Class ByteSequenceFinder


  • public class ByteSequenceFinder
    extends java.lang.Object
    Finds a byte sequence in a stream of bytes. Uses the Knuth–Morris–Pratt search algorithm for better performance.

    The algorithm remembers the past matched characters in order to avoid restarting from the beginning of the pattern when a mismatch is found. This is obtained by building a lookup of a partial match table called failure function.

    Algorithm reference.

    • Field Summary

      Fields 
      Modifier and Type Field Description
      private int[] failure  
      private byte[] sequence  
    • Method Summary

      All Methods Static Methods Instance Methods Concrete Methods 
      Modifier and Type Method Description
      byte[] getSequence()
      Retrieves the current sequence used by a search method.
      int search​(byte[] bytes)
      Finds the first occurrence of the pattern in the specified byte array.
      int search​(java.io.InputStream stream)
      Finds the first occurrence of the pattern in the specified stream.
      void setSequence​(byte[] sequenceIn)
      Sets the sequence to be used by the next invocation of a search method.
      private static int[] updateFailureFunction​(byte[] sequence)
      Computes the failure function.
      • Methods inherited from class java.lang.Object

        clone, equals, finalize, getClass, hashCode, notify, notifyAll, toString, wait, wait, wait
    • Field Detail

      • sequence

        private byte[] sequence
      • failure

        private int[] failure
    • Constructor Detail

      • ByteSequenceFinder

        public ByteSequenceFinder()
        Default constructor
      • ByteSequenceFinder

        public ByteSequenceFinder​(byte[] sequenceIn)
        Create a new instance.
        Parameters:
        sequenceIn - the sequence to find
    • Method Detail

      • search

        public int search​(byte[] bytes)
                   throws java.io.IOException
        Finds the first occurrence of the pattern in the specified byte array.
        Parameters:
        bytes - the byte array where the sequence is searched
        Returns:
        the index where the sequence starts within the array, -1 if the sequence was not found.
        Throws:
        java.io.IOException - when an error processing the stream of bytes occurs
      • search

        public int search​(java.io.InputStream stream)
                   throws java.io.IOException
        Finds the first occurrence of the pattern in the specified stream.

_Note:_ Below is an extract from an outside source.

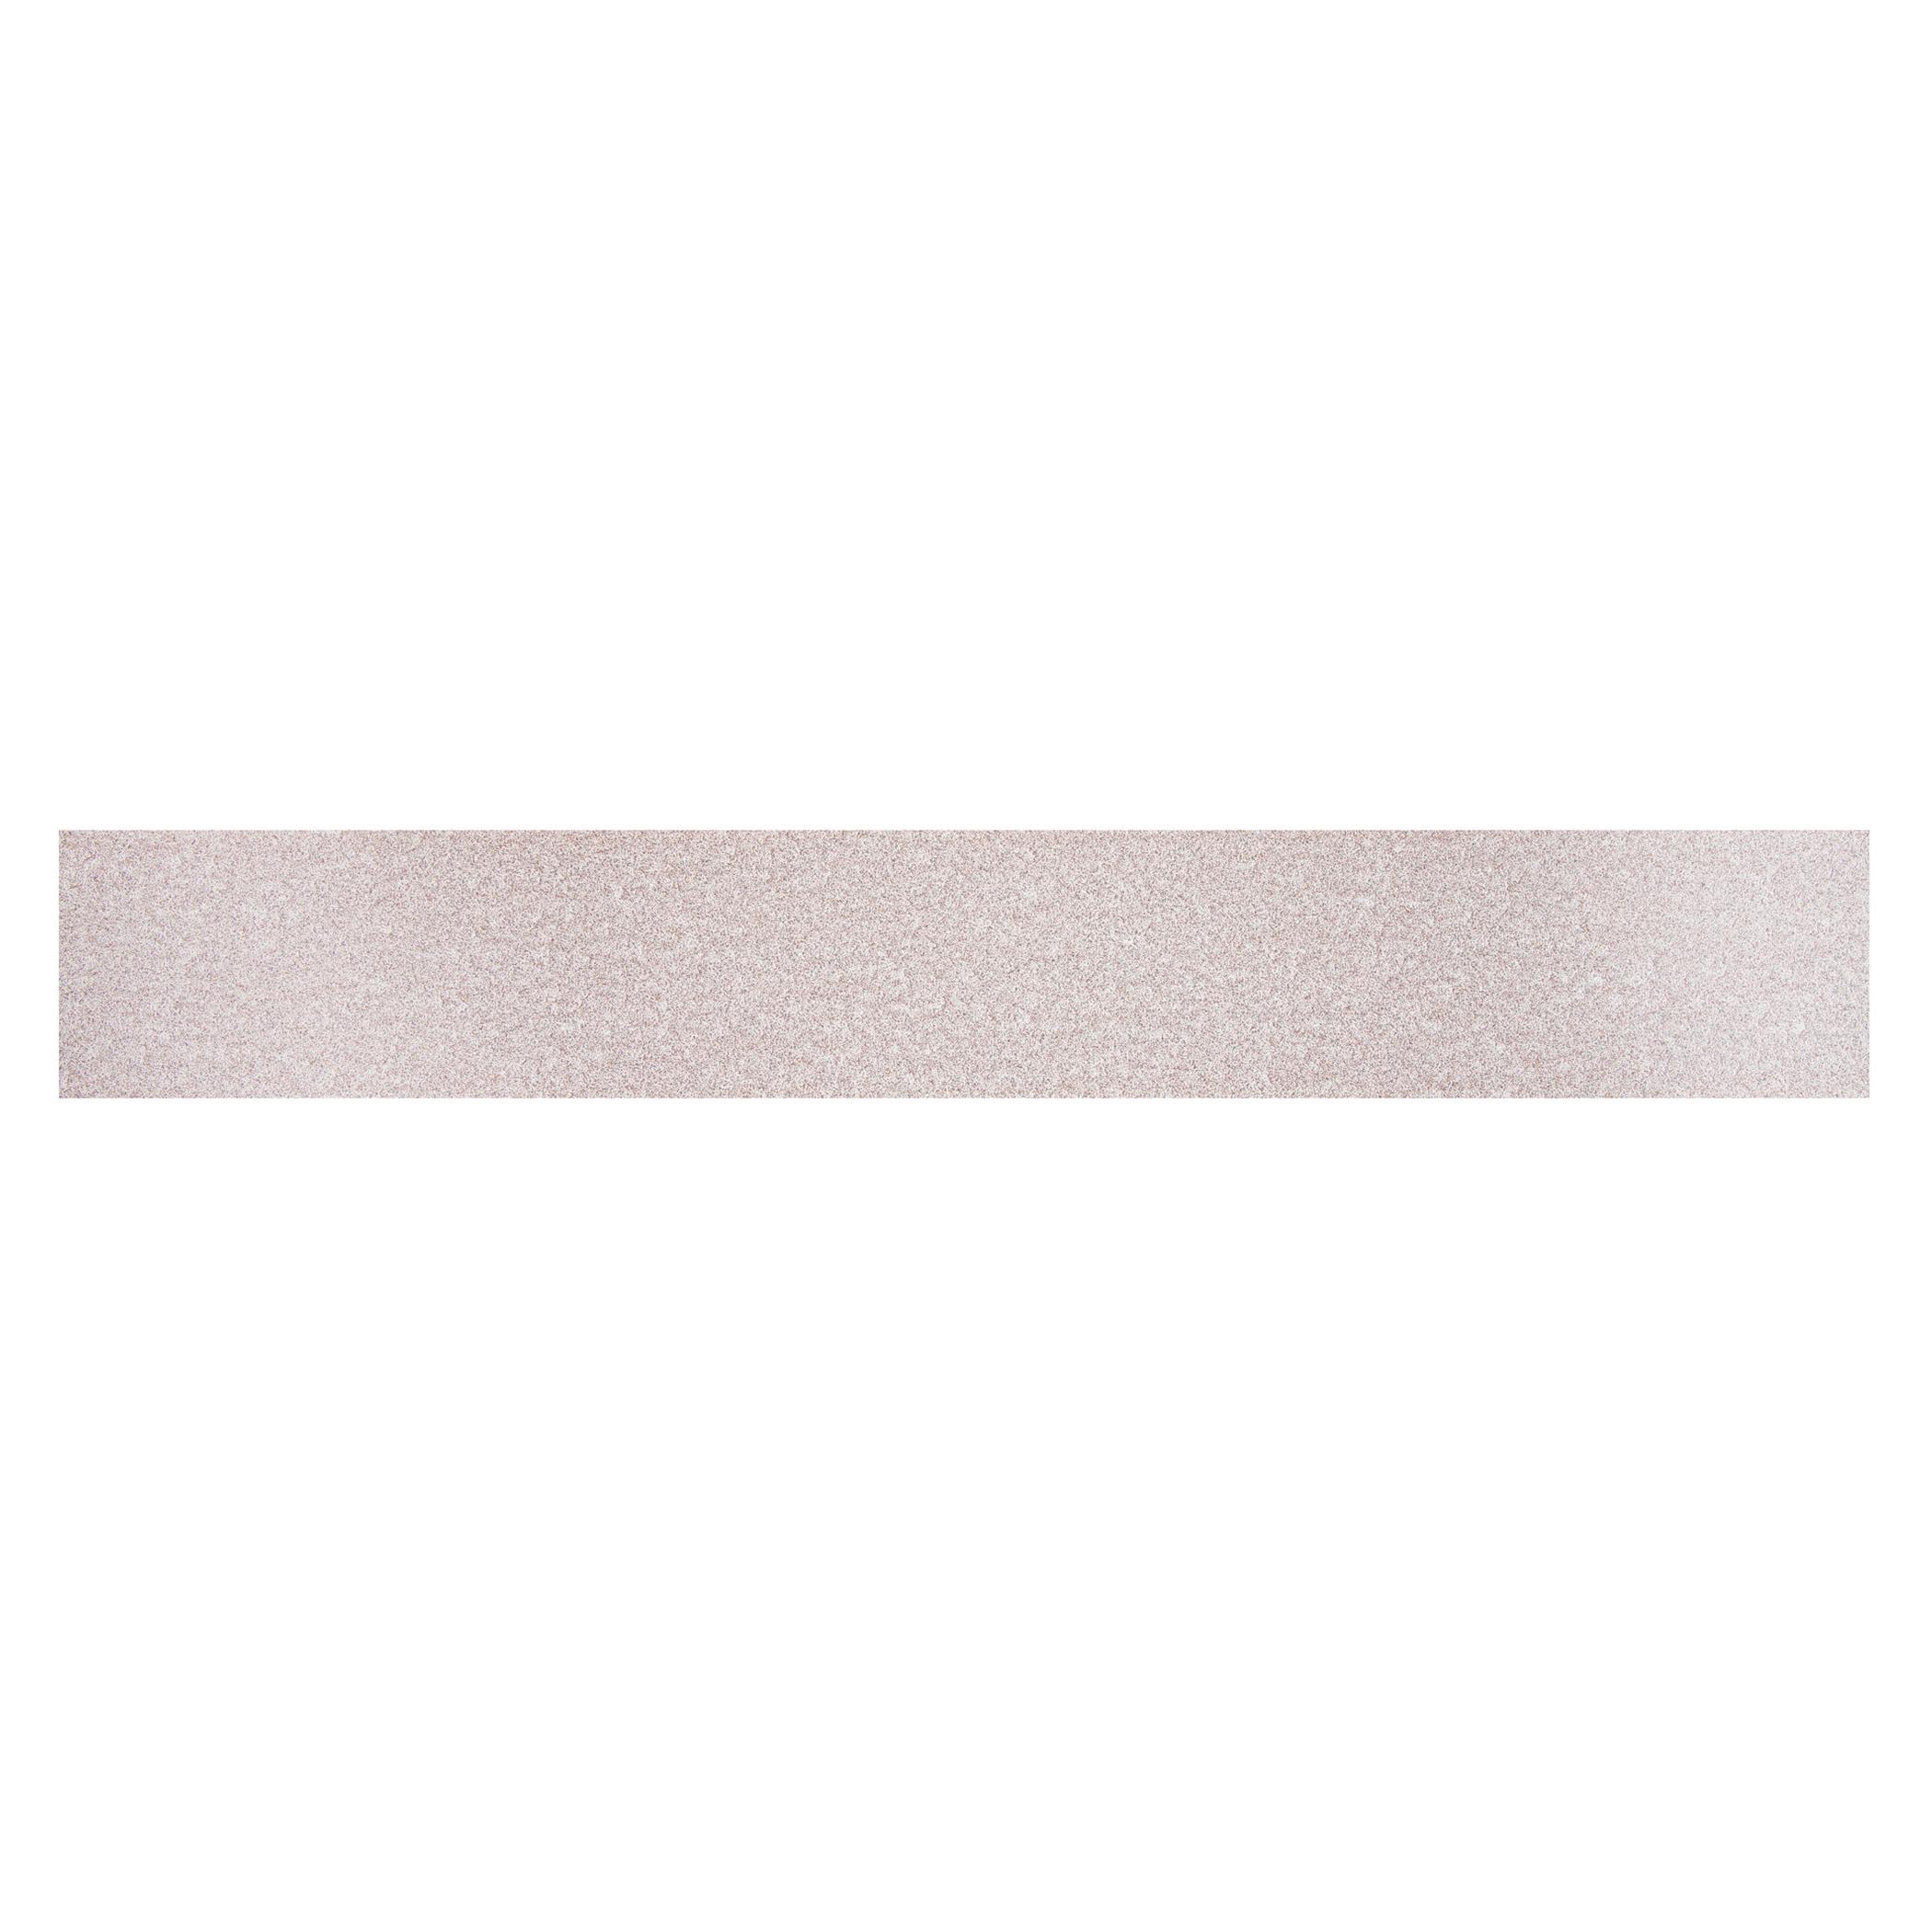 Norton® 66261131652 A275OP Non-PSA Coated File Strip, 17-1/2 in L x 2-3/4 in W, P80 Grit, Coarse Grade, Aluminum Oxide Abrasive, Anti-Loading Paper Backing
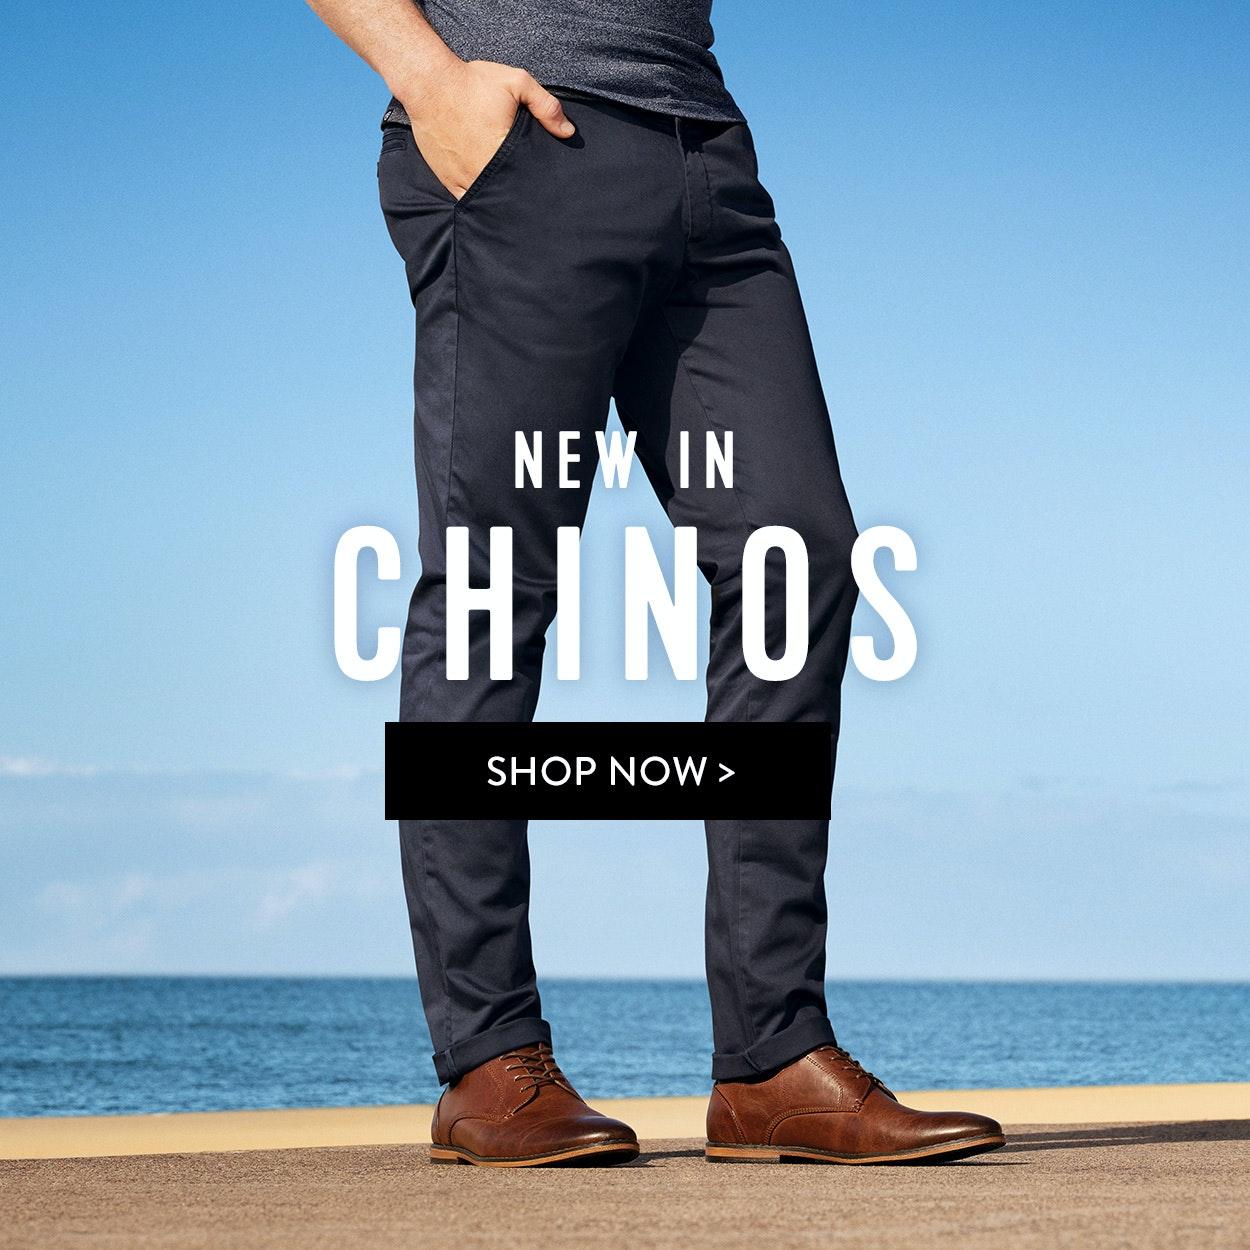 Chinos & Denim mens pants: 2 for $100

The stream will be consumed up to end of the sequence matched. It will be fully consumed if no match is found.
        Parameters:
        stream - the input stream to search
        Returns:
        the position where the sequence starts within the stream and the stream will be positioned AFTER the end of the sequence. Otherwise, -1 if the sequence was not found.
        Throws:
        java.io.IOException - when an error processing the stream occurs
      • getSequence

        public byte[] getSequence()
        Retrieves the current sequence used by a search method.
        Returns:
        the current sequence to be searched
      • setSequence

        public void setSequence​(byte[] sequenceIn)
        Sets the sequence to be used by the next invocation of a search method.
        Parameters:
        sequenceIn - the new sequence to search
      • updateFailureFunction

        private static int[] updateFailureFunction​(byte[] sequence)
        Computes the failure function. Evaluates the sequence and find repeating prefixes.